The entries below are to be copied exactly, with nothing left out.

++++++++++++++++++++

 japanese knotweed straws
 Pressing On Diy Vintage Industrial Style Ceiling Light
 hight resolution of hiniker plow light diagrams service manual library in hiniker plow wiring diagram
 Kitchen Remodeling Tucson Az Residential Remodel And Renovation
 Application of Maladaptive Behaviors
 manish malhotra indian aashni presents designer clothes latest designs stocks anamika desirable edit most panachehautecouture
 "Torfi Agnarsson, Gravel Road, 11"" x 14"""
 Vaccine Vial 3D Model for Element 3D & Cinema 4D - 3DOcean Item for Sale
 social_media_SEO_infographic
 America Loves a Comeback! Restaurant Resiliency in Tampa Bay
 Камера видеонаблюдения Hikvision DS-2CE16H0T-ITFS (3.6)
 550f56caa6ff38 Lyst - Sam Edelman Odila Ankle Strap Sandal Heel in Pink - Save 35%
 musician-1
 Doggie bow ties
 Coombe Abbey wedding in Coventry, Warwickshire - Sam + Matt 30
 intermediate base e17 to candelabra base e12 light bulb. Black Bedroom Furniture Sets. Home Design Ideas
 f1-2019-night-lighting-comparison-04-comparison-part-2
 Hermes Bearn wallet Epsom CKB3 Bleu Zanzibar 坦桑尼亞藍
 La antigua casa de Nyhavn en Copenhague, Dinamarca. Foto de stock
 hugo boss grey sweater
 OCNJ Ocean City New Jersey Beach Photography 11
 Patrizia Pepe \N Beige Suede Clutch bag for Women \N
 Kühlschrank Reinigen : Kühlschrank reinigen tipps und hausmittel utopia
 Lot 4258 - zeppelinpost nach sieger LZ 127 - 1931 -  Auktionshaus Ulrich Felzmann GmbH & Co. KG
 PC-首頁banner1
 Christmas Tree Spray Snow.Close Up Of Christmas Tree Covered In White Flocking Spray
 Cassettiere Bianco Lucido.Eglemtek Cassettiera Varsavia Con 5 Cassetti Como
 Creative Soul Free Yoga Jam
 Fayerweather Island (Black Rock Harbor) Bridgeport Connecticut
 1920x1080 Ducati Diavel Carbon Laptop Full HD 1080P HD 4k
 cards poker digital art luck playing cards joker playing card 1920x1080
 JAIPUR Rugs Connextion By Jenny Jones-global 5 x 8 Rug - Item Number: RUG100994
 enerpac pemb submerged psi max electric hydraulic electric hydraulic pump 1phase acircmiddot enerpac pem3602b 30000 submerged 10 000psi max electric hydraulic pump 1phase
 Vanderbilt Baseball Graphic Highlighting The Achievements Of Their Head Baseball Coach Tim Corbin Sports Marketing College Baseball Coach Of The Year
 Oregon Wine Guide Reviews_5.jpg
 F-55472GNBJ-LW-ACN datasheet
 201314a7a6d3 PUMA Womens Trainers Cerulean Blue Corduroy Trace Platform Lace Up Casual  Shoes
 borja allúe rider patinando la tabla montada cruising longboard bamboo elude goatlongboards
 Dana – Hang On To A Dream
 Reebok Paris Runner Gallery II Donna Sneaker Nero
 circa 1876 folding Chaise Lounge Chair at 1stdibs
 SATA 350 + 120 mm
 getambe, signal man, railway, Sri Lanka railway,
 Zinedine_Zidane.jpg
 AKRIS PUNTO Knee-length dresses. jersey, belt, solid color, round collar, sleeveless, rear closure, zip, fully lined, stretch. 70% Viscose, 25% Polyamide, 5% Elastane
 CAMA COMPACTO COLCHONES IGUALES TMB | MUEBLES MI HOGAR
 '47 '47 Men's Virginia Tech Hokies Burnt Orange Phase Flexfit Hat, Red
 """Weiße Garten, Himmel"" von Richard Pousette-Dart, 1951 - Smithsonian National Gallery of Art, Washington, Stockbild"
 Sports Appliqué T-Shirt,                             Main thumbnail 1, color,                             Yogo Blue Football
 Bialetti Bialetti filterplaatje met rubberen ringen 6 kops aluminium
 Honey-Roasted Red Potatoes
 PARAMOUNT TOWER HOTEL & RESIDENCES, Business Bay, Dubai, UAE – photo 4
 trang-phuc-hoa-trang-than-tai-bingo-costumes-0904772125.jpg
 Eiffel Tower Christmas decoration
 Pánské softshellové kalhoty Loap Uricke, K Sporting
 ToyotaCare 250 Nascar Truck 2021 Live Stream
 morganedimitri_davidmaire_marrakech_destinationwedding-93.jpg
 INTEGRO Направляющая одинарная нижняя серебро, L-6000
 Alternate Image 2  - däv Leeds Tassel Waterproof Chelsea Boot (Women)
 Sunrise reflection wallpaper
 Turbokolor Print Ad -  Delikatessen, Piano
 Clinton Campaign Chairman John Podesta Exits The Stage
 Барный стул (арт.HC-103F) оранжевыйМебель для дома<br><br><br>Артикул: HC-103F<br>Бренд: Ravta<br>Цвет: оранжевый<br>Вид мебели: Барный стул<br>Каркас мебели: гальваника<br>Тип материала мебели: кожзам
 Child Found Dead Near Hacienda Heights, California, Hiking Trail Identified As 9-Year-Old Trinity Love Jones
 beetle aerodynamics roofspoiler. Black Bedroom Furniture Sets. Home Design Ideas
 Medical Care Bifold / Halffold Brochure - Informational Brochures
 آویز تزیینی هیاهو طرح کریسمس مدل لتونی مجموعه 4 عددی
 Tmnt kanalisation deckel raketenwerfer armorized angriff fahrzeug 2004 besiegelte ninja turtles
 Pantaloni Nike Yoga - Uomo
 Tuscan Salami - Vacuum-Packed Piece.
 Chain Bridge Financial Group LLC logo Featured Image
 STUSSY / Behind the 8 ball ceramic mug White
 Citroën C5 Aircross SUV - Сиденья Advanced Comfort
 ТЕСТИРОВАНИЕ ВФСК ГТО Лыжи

++++++++++++++++++++

■ **Solved problem**:
 japanese knotweed straws
 Pressing On Diy Vintage Industrial Style Ceiling Light
 hight resolution of hiniker plow light diagrams service manual library in hiniker plow wiring diagram
 Kitchen Remodeling Tucson Az Residential Remodel And Renovation
 Application of Maladaptive Behaviors
 manish malhotra indian aashni presents designer clothes latest designs stocks anamika desirable edit most panachehautecouture
 "Torfi Agnarsson, Gravel Road, 11"" x 14"""
 Vaccine Vial 3D Model for Element 3D & Cinema 4D - 3DOcean Item for Sale
 social_media_SEO_infographic
 America Loves a Comeback! Restaurant Resiliency in Tampa Bay
 Камера видеонаблюдения Hikvision DS-2CE16H0T-ITFS (3.6)
 550f56caa6ff38 Lyst - Sam Edelman Odila Ankle Strap Sandal Heel in Pink - Save 35%
 musician-1
 Doggie bow ties
 Coombe Abbey wedding in Coventry, Warwickshire - Sam + Matt 30
 intermediate base e17 to candelabra base e12 light bulb. Black Bedroom Furniture Sets. Home Design Ideas
 f1-2019-night-lighting-comparison-04-comparison-part-2
 Hermes Bearn wallet Epsom CKB3 Bleu Zanzibar 坦桑尼亞藍
 La antigua casa de Nyhavn en Copenhague, Dinamarca. Foto de stock
 hugo boss grey sweater
 OCNJ Ocean City New Jersey Beach Photography 11
 Patrizia Pepe \N Beige Suede Clutch bag for Women \N
 Kühlschrank Reinigen : Kühlschrank reinigen tipps und hausmittel utopia
 Lot 4258 - zeppelinpost nach sieger LZ 127 - 1931 -  Auktionshaus Ulrich Felzmann GmbH & Co. KG
 PC-首頁banner1
 Christmas Tree Spray Snow.Close Up Of Christmas Tree Covered In White Flocking Spray
 Cassettiere Bianco Lucido.Eglemtek Cassettiera Varsavia Con 5 Cassetti Como
 Creative Soul Free Yoga Jam
 Fayerweather Island (Black Rock Harbor) Bridgeport Connecticut
 1920x1080 Ducati Diavel Carbon Laptop Full HD 1080P HD 4k
 cards poker digital art luck playing cards joker playing card 1920x1080
 JAIPUR Rugs Connextion By Jenny Jones-global 5 x 8 Rug - Item Number: RUG100994
 enerpac pemb submerged psi max electric hydraulic electric hydraulic pump 1phase acircmiddot enerpac pem3602b 30000 submerged 10 000psi max electric hydraulic pump 1phase
 Vanderbilt Baseball Graphic Highlighting The Achievements Of Their Head Baseball Coach Tim Corbin Sports Marketing College Baseball Coach Of The Year
 Oregon Wine Guide Reviews_5.jpg
 F-55472GNBJ-LW-ACN datasheet
 201314a7a6d3 PUMA Womens Trainers Cerulean Blue Corduroy Trace Platform Lace Up Casual  Shoes
 borja allúe rider patinando la tabla montada cruising longboard bamboo elude goatlongboards
 Dana – Hang On To A Dream
 Reebok Paris Runner Gallery II Donna Sneaker Nero
 circa 1876 folding Chaise Lounge Chair at 1stdibs
 SATA 350 + 120 mm
 getambe, signal man, railway, Sri Lanka railway,
 Zinedine_Zidane.jpg
 AKRIS PUNTO Knee-length dresses. jersey, belt, solid color, round collar, sleeveless, rear closure, zip, fully lined, stretch. 70% Viscose, 25% Polyamide, 5% Elastane
 CAMA COMPACTO COLCHONES IGUALES TMB | MUEBLES MI HOGAR
 '47 '47 Men's Virginia Tech Hokies Burnt Orange Phase Flexfit Hat, Red
 """Weiße Garten, Himmel"" von Richard Pousette-Dart, 1951 - Smithsonian National Gallery of Art, Washington, Stockbild"
 Sports Appliqué T-Shirt,                             Main thumbnail 1, color,                             Yogo Blue Football
 Bialetti Bialetti filterplaatje met rubberen ringen 6 kops aluminium
 Honey-Roasted Red Potatoes
 PARAMOUNT TOWER HOTEL & RESIDENCES, Business Bay, Dubai, UAE – photo 4
 trang-phuc-hoa-trang-than-tai-bingo-costumes-0904772125.jpg
 Eiffel Tower Christmas decoration
 Pánské softshellové kalhoty Loap Uricke, K Sporting
 ToyotaCare 250 Nascar Truck 2021 Live Stream
 morganedimitri_davidmaire_marrakech_destinationwedding-93.jpg
 INTEGRO Направляющая одинарная нижняя серебро, L-6000
 Alternate Image 2  - däv Leeds Tassel Waterproof Chelsea Boot (Women)
 Sunrise reflection wallpaper
 Turbokolor Print Ad -  Delikatessen, Piano
 Clinton Campaign Chairman John Podesta Exits The Stage
 Барный стул (арт.HC-103F) оранжевыйМебель для дома<br><br><br>Артикул: HC-103F<br>Бренд: Ravta<br>Цвет: оранжевый<br>Вид мебели: Барный стул<br>Каркас мебели: гальваника<br>Тип материала мебели: кожзам
 Child Found Dead Near Hacienda Heights, California, Hiking Trail Identified As 9-Year-Old Trinity Love Jones
 beetle aerodynamics roofspoiler. Black Bedroom Furniture Sets. Home Design Ideas
 Medical Care Bifold / Halffold Brochure - Informational Brochures
 آویز تزیینی هیاهو طرح کریسمس مدل لتونی مجموعه 4 عددی
 Tmnt kanalisation deckel raketenwerfer armorized angriff fahrzeug 2004 besiegelte ninja turtles
 Pantaloni Nike Yoga - Uomo
 Tuscan Salami - Vacuum-Packed Piece.
 Chain Bridge Financial Group LLC logo Featured Image
 STUSSY / Behind the 8 ball ceramic mug White
 Citroën C5 Aircross SUV - Сиденья Advanced Comfort
 ТЕСТИРОВАНИЕ ВФСК ГТО Лыжи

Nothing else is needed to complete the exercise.